*** Recorded data

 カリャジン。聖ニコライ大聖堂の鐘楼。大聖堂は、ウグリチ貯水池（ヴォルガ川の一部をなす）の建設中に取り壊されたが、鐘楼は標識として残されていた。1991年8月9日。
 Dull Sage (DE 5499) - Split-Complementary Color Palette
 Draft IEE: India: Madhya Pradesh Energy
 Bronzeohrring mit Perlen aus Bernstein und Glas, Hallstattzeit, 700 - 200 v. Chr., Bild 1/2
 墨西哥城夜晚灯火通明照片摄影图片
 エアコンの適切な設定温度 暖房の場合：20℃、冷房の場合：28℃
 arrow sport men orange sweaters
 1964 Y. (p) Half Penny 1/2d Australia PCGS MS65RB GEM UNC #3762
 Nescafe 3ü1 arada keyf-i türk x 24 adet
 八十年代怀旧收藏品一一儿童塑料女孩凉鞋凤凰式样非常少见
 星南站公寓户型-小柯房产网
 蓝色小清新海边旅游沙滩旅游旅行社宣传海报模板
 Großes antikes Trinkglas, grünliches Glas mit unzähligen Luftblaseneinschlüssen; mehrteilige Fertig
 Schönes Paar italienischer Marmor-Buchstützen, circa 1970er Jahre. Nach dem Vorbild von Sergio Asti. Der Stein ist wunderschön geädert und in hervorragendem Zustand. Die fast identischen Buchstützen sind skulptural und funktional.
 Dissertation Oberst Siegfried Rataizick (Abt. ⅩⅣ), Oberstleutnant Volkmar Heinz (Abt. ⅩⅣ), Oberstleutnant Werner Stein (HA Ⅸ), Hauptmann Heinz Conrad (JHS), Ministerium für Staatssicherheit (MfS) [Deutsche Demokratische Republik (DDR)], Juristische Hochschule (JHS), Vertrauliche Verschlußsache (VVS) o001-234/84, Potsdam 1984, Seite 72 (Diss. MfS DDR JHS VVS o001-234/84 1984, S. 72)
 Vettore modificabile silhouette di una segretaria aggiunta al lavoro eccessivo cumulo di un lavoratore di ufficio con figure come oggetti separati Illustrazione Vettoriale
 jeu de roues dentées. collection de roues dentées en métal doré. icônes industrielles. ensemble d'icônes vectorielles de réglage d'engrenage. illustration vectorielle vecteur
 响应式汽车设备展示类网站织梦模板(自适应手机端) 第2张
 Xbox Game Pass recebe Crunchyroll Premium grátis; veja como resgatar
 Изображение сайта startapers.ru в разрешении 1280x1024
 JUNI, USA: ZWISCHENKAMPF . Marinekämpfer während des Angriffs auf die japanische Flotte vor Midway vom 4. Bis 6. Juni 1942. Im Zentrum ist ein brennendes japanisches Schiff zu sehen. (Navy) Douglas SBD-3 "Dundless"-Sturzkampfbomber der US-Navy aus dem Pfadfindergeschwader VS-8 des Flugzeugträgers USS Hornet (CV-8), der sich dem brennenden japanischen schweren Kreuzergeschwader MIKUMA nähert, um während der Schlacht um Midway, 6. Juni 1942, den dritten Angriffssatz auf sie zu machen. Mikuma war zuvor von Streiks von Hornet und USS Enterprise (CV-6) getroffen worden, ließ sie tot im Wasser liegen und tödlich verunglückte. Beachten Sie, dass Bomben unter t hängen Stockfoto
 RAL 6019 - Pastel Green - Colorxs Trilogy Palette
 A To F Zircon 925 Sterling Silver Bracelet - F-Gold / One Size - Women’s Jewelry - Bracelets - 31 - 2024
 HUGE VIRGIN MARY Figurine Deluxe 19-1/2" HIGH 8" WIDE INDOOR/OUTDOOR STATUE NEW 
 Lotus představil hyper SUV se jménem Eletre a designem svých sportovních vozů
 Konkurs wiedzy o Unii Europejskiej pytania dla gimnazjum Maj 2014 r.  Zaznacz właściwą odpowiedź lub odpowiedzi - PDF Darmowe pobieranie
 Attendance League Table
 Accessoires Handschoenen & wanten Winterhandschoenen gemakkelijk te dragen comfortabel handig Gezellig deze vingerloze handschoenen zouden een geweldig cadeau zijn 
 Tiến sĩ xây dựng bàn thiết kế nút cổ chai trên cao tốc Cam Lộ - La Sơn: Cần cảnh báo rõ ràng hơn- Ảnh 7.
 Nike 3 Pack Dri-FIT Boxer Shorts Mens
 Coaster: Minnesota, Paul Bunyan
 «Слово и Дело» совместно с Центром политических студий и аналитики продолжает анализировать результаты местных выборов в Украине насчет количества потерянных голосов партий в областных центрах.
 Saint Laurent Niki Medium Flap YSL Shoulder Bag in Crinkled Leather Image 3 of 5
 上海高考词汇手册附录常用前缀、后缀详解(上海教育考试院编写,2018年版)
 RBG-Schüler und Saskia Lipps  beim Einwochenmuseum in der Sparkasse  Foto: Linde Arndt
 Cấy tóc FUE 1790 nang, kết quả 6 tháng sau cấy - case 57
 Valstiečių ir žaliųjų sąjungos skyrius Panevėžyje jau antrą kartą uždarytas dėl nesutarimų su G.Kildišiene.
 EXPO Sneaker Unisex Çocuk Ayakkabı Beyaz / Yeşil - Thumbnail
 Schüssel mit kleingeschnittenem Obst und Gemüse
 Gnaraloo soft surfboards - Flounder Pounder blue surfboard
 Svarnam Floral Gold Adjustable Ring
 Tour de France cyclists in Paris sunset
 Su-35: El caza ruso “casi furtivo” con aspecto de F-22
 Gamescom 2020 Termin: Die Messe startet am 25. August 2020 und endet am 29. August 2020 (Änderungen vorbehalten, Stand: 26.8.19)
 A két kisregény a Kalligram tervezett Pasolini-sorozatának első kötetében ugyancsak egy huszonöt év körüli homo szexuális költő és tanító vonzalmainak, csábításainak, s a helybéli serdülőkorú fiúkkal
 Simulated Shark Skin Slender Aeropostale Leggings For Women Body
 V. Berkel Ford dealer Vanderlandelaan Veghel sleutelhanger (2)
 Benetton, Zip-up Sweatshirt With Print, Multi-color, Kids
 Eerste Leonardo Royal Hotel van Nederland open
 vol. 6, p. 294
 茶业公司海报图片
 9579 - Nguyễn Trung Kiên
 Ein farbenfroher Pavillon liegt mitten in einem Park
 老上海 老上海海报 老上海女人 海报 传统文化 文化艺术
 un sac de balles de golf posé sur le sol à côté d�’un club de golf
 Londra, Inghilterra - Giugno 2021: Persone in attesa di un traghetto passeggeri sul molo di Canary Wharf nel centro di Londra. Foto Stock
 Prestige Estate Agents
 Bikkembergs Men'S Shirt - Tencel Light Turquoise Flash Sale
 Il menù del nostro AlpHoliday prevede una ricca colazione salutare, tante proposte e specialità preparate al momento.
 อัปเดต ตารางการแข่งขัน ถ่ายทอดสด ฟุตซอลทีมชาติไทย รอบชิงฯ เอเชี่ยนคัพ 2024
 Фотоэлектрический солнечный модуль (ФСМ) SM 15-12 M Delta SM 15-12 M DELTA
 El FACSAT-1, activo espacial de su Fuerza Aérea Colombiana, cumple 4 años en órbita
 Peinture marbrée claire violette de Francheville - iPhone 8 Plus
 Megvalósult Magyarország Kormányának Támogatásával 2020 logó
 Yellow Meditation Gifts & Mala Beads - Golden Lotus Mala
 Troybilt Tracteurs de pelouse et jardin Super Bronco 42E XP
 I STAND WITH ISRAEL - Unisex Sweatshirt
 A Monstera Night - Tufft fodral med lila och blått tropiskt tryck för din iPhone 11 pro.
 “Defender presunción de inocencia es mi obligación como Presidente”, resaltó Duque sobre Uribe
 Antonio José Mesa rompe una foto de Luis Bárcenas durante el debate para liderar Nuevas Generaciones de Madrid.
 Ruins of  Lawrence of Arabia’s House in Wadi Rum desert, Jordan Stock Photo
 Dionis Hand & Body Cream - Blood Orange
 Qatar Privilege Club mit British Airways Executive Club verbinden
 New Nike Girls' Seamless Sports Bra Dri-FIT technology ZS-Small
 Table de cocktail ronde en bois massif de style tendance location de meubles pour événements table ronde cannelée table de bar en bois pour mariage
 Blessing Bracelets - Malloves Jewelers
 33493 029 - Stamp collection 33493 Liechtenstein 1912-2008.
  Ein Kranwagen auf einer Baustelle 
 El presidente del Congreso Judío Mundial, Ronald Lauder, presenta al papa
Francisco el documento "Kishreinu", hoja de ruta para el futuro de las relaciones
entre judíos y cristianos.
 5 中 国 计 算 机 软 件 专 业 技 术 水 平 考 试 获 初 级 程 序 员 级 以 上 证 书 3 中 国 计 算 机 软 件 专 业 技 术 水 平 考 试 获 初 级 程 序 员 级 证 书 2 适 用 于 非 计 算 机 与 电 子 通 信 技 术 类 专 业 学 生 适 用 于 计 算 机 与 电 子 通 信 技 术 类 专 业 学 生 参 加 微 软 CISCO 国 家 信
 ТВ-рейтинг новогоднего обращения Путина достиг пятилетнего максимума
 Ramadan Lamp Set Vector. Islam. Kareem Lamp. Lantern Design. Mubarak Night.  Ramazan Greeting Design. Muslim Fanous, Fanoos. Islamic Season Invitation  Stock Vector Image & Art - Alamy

******

Task item:
Transcribe exactly, and only, the lines from the opening line of the records through the line containing "蓝色小清新海边旅游沙滩旅游旅行社宣传海报模板".

Result of this exercise:
 カリャジン。聖ニコライ大聖堂の鐘楼。大聖堂は、ウグリチ貯水池（ヴォルガ川の一部をなす）の建設中に取り壊されたが、鐘楼は標識として残されていた。1991年8月9日。
 Dull Sage (DE 5499) - Split-Complementary Color Palette
 Draft IEE: India: Madhya Pradesh Energy
 Bronzeohrring mit Perlen aus Bernstein und Glas, Hallstattzeit, 700 - 200 v. Chr., Bild 1/2
 墨西哥城夜晚灯火通明照片摄影图片
 エアコンの適切な設定温度 暖房の場合：20℃、冷房の場合：28℃
 arrow sport men orange sweaters
 1964 Y. (p) Half Penny 1/2d Australia PCGS MS65RB GEM UNC #3762
 Nescafe 3ü1 arada keyf-i türk x 24 adet
 八十年代怀旧收藏品一一儿童塑料女孩凉鞋凤凰式样非常少见
 星南站公寓户型-小柯房产网
 蓝色小清新海边旅游沙滩旅游旅行社宣传海报模板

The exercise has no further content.